When He came into us, the meaning of the earth, of man, of the incarnation, of the crucifixion, and of the resurrection all became our portion. Where is Christ today? He is universal. He is both God and man. He is in the heavens and on the earth. We are one with Him. At one time we were ordinary people, insignificant sinners. But now there is something wonderful about us. It is hard for us to explain to others what we are, who we are, and even where we are! The Son revealed in us has brought us into the meaning of the earth, of man, and of the incarnated, crucified, and resurrected Lord.
“It is God who operates in you both the willing and the working for His good pleasure” (Phil. 2:13). Our life, the Christian life and the church life, is according to God’s good pleasure. The Christian life is a happy life. Many times the New Testament exhorts us to be happy. “Rejoice in the Lord always; again I will say, rejoice” (4:4). We should be rejoicing day after day, not in ourselves but in the Lord. We are a people “singing and psalming with [our] heart to the Lord, giving thanks at all times for all things in the name of our Lord Jesus Christ to our God and Father (Eph. 5:19-20). Rather than having Thanksgiving Day once a year, we daily give thanks to God for everything, singing hymns to Him and even stirring up others by our sense of excitement.

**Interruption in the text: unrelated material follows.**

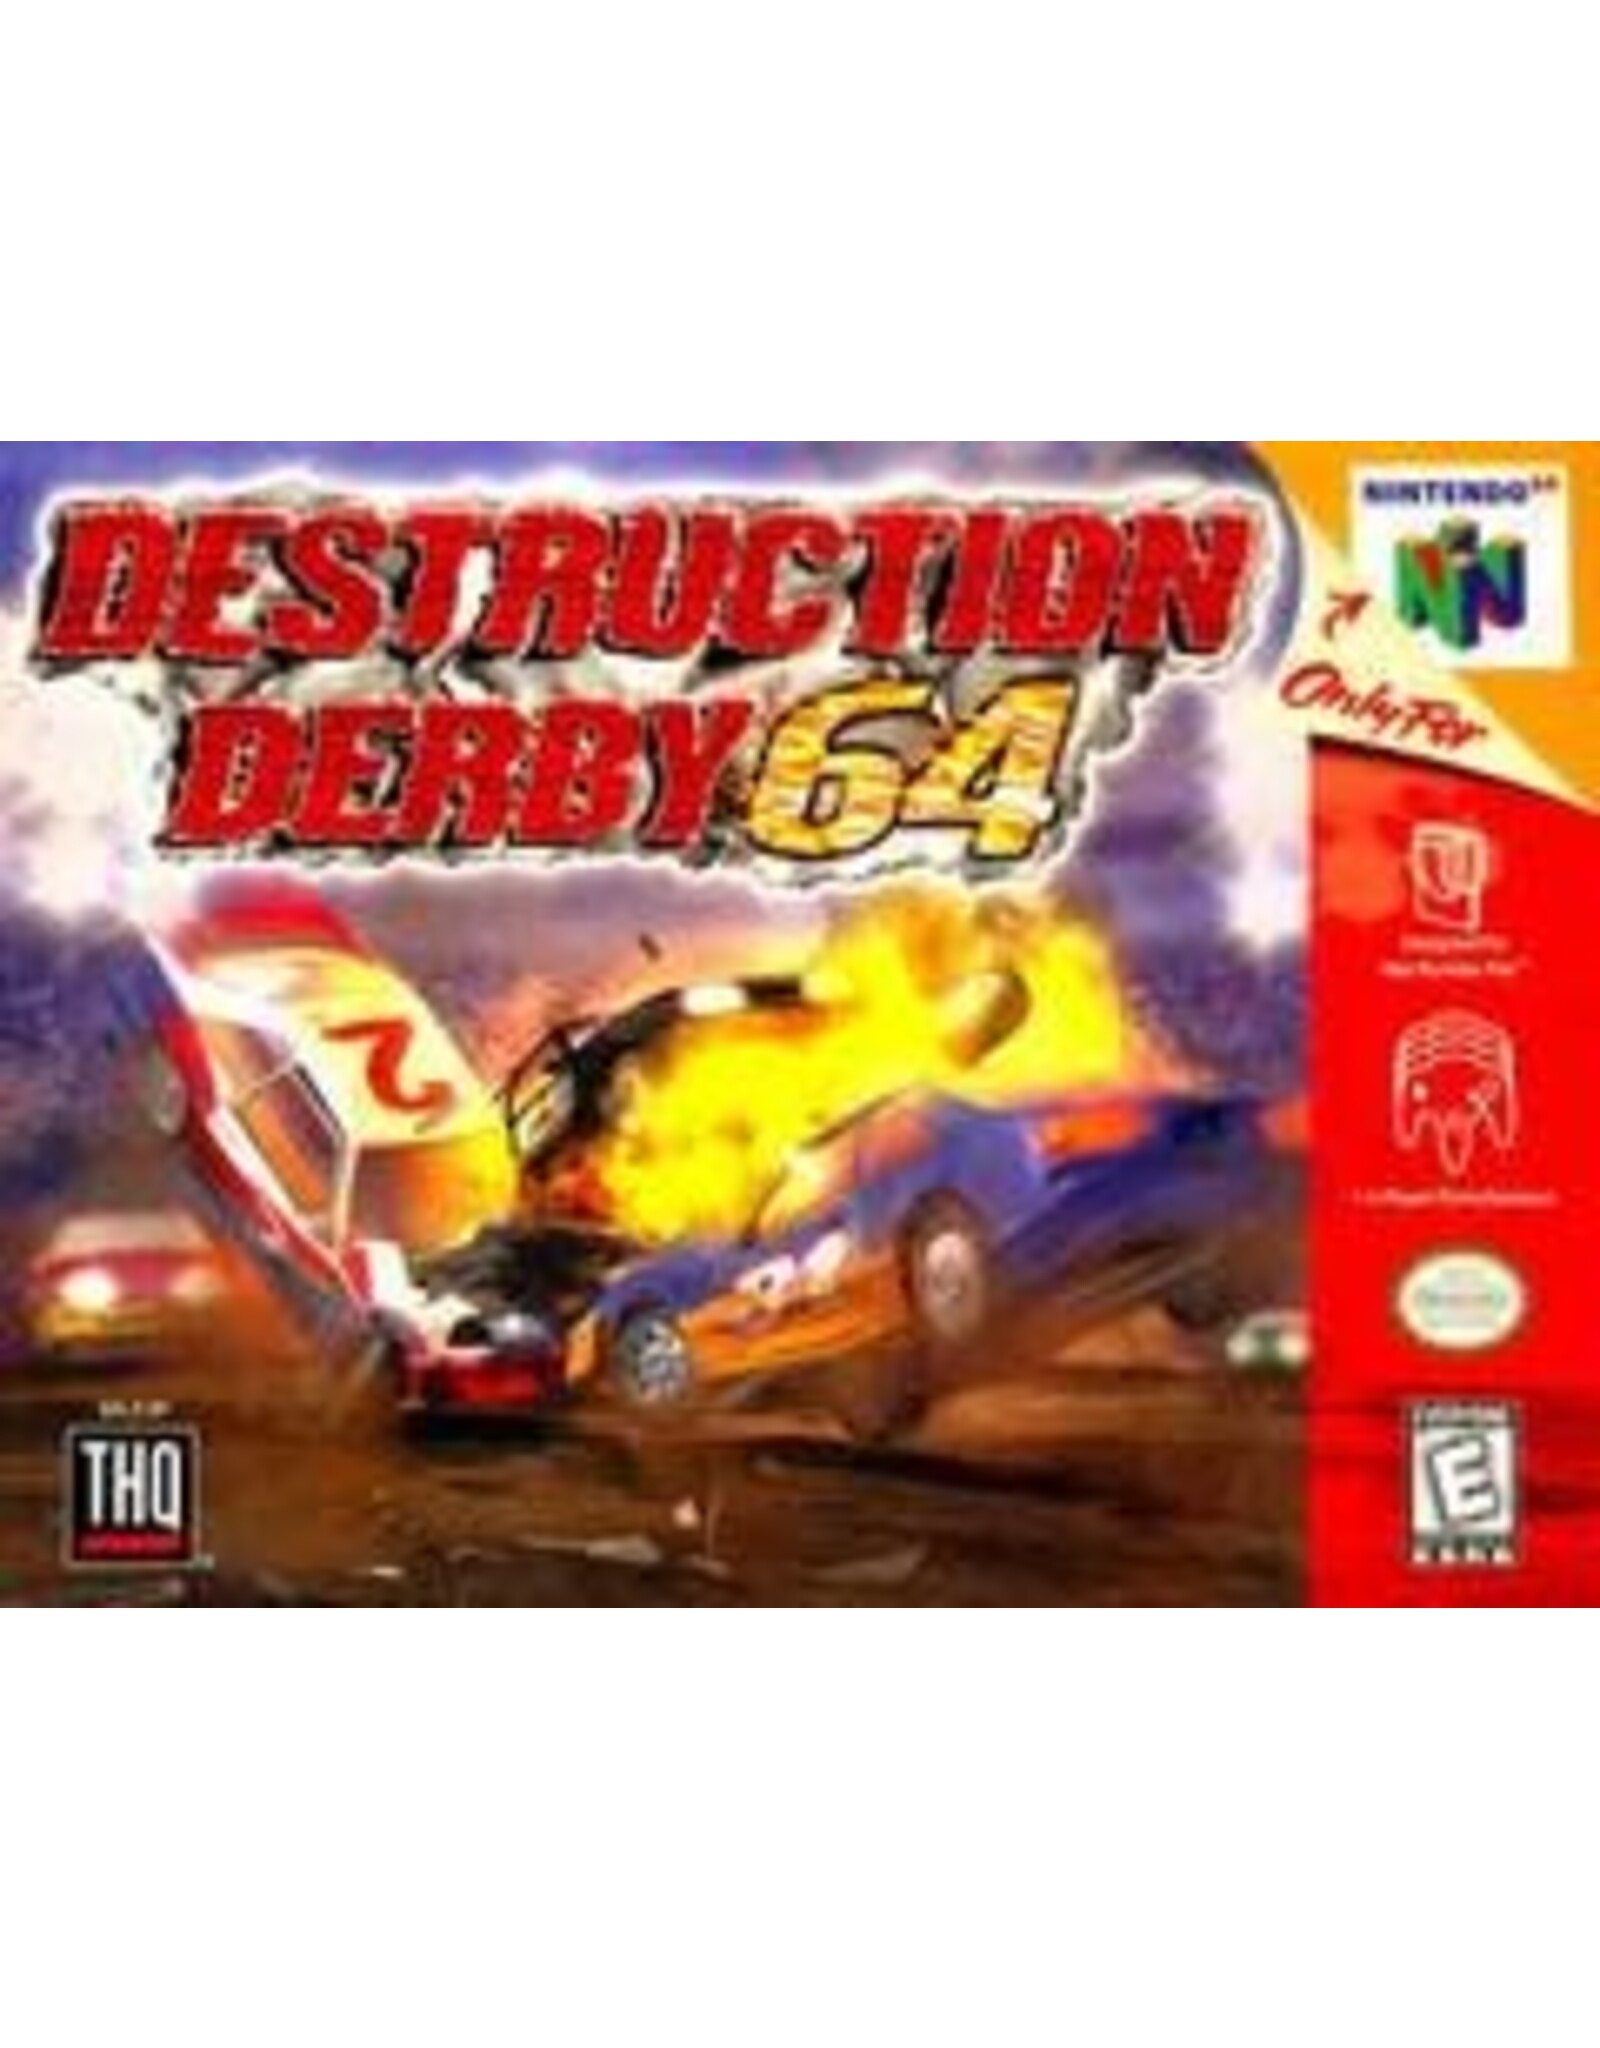 Nintendo 64 Destruction Derby 64 (Cart Only, Damaged Label)

We Christians should be an emotional people. When we are with others, they should sense something exciting about us. In those years at Elden hall in Los Angeles, our neighbors called us the “hallelujah people.” We were excited enough to be singing and praising the Lord even while we walked on the streets.
What makes us so happy? It is because we have the very God working within us both the willing and the working for His good pleasure. How do we know that we are living a life according to God’s good pleasure? It is because of our sense of happiness. When we are happy, we are registering God’s happiness within us. Our inward joy is an indication that we are living and walking according to His good pleasure.

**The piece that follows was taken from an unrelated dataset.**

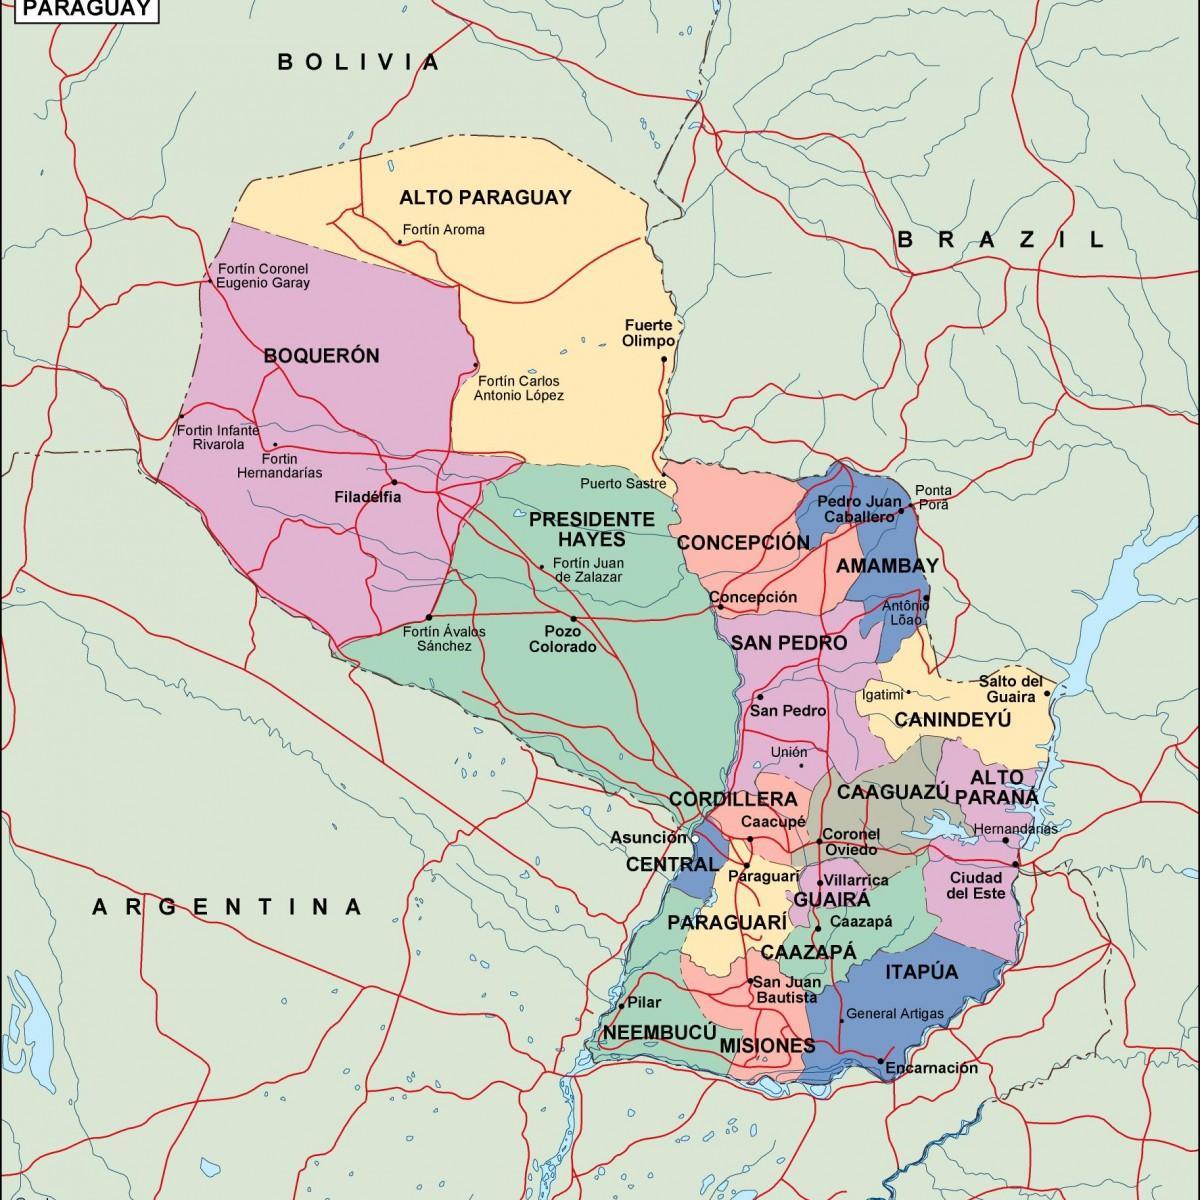 Mapi političkih Paragvaju

The day will come when we will all be glorified. We will be with Christ on the Mount of Transfiguration. In that day God will be beside Himself with excitement and will call Satan’s attention to us: “Satan, look at My children! My children are glorified!” Surely this thought is hinted at in Romans 8: “The sufferings of this present time are not worthy to be compared with the coming glory to be revealed upon us. For the anxious watching of the creation eagerly awaits the revelation of the sons of God...The creation itself will also be freed from the slavery of corruption into the freedom of the glory of the children of God. For we know that the whole creation groans together and travails in pain together until now. And not only so, but we ourselves also, who have the firstfruits of the Spirit, even we ourselves groan in ourselves, eagerly awaiting sonship, the redemption of our body” (vv. 18-19, 21-23).

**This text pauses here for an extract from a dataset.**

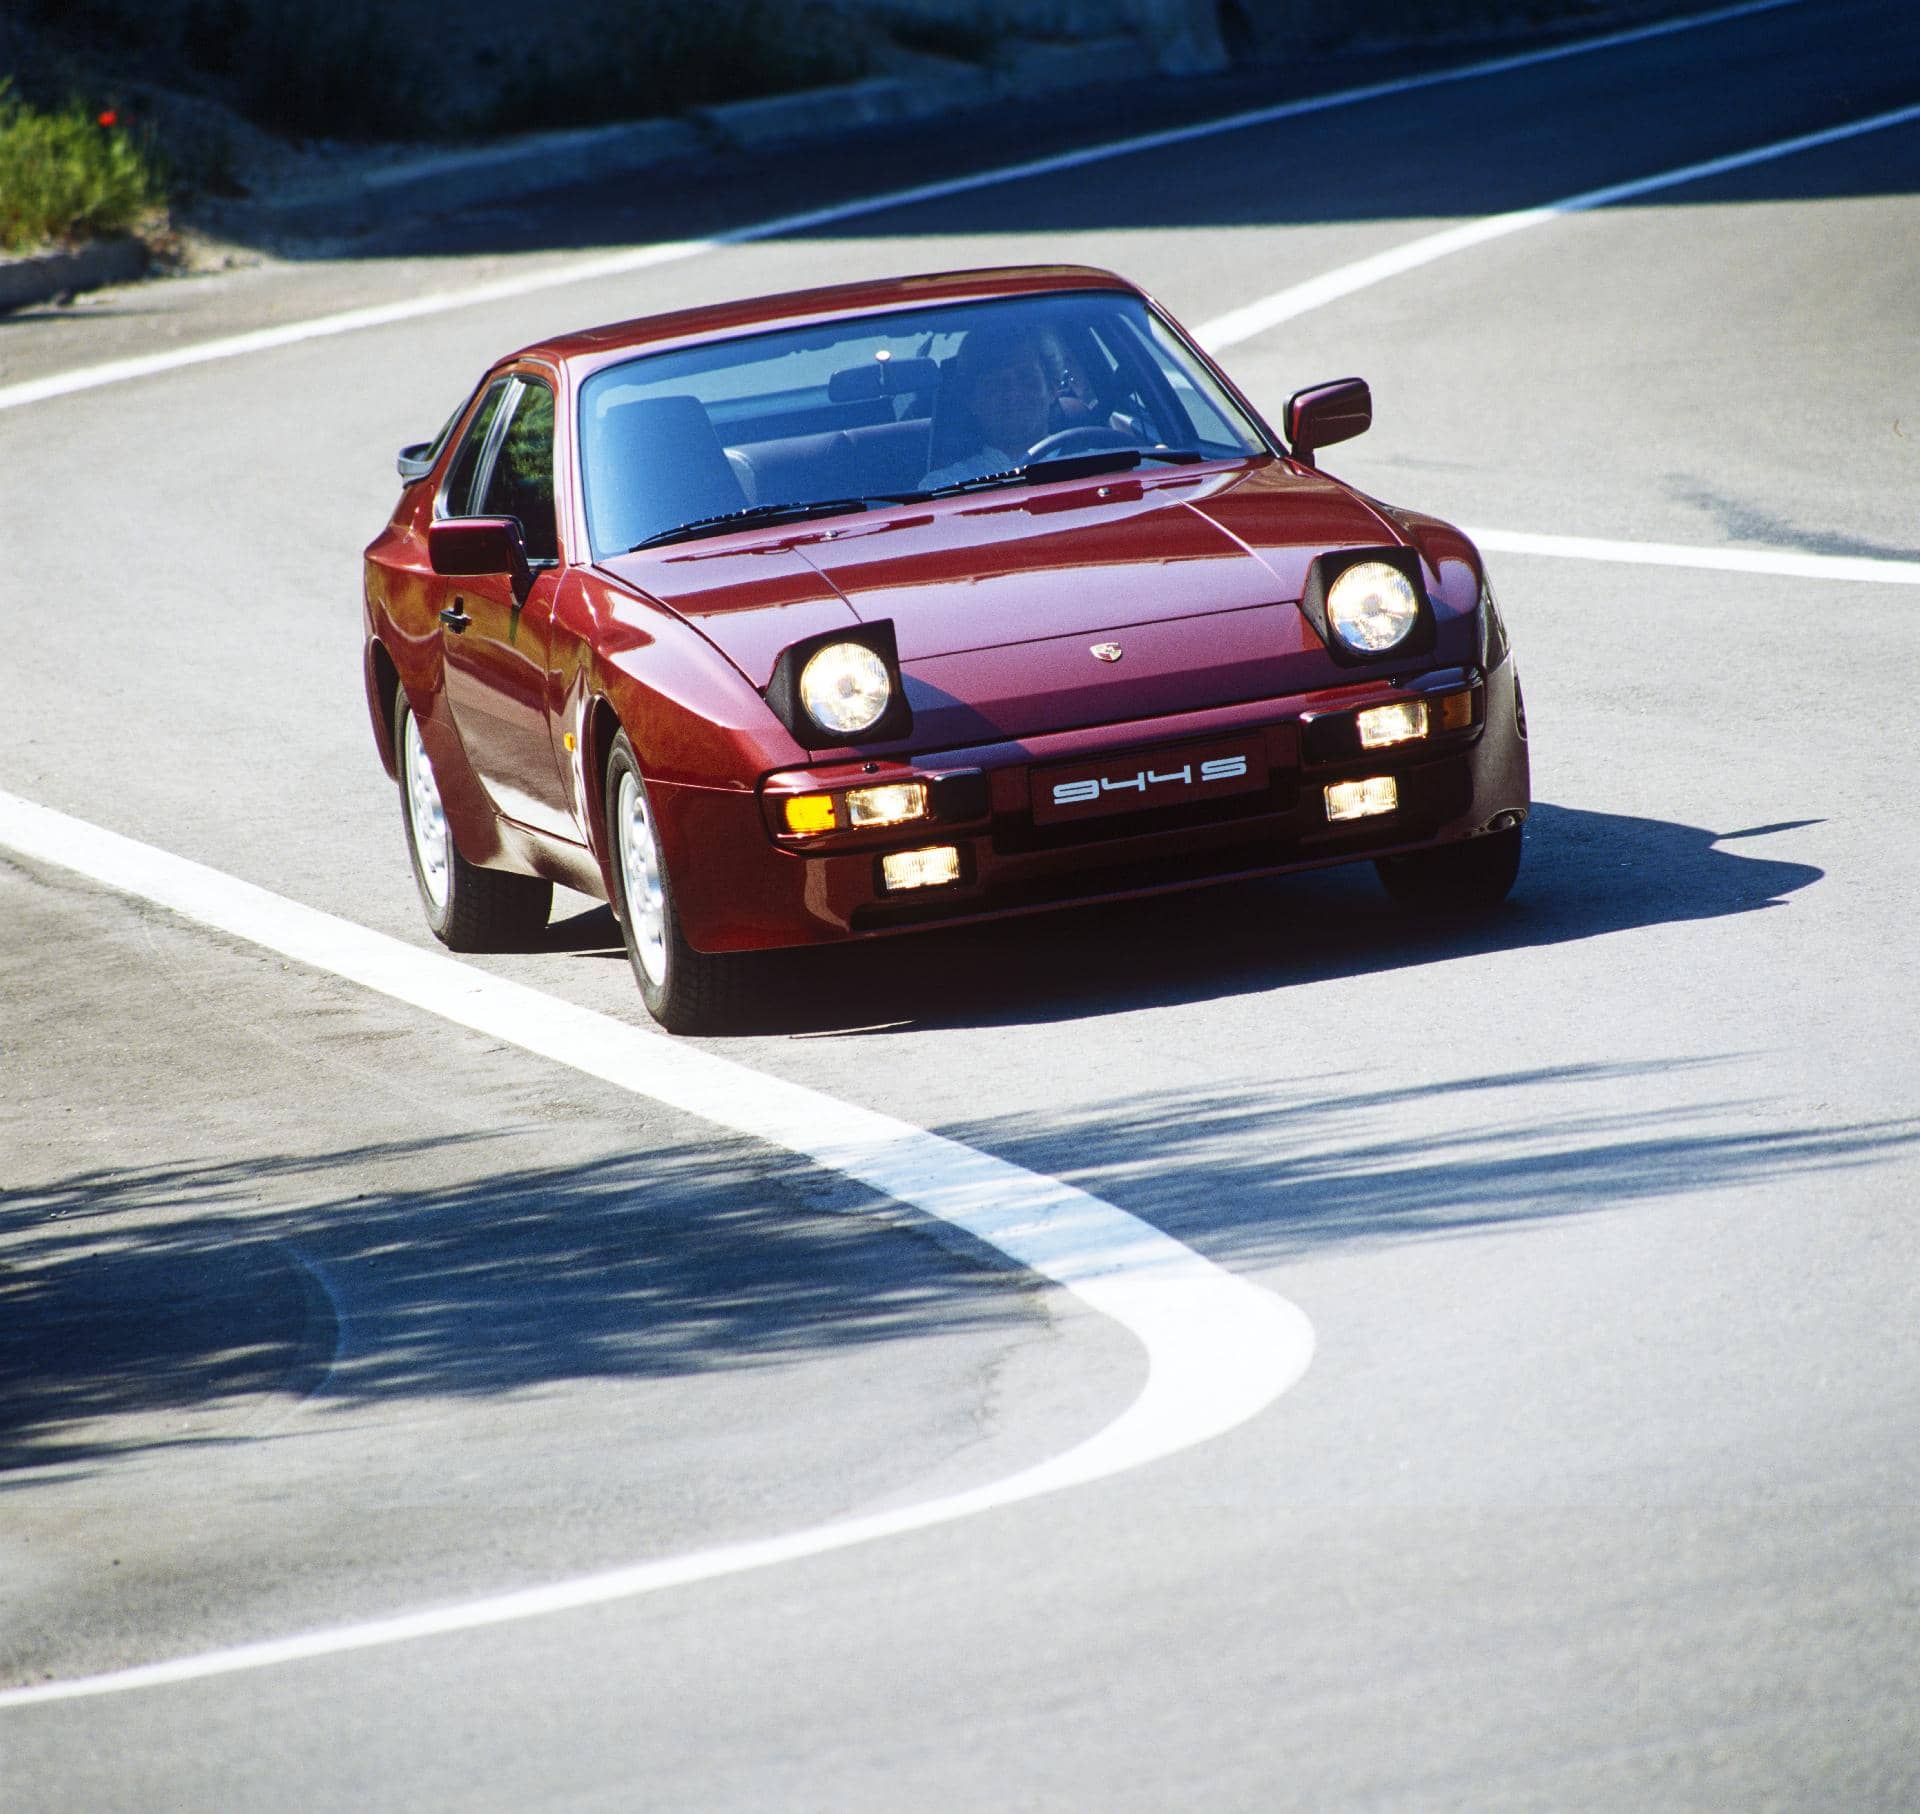 Vista dinámica del Porsche 944 S enfatizando su diseño deportivo.

The recovery is for God to regain His good pleasure. Surely today’s Christianity is no source of joy to Him. We must be a people among whom God may have His good pleasure. It was for this that the earth was created. It was for this that man was created. It was for this that God became incarnated. It was for this that Jesus was crucified and resurrected. This was also the very purpose of our new birth.
We are now living and walking according to the pleasure of God. That pleasure will reach its climax on the day that we are glorified.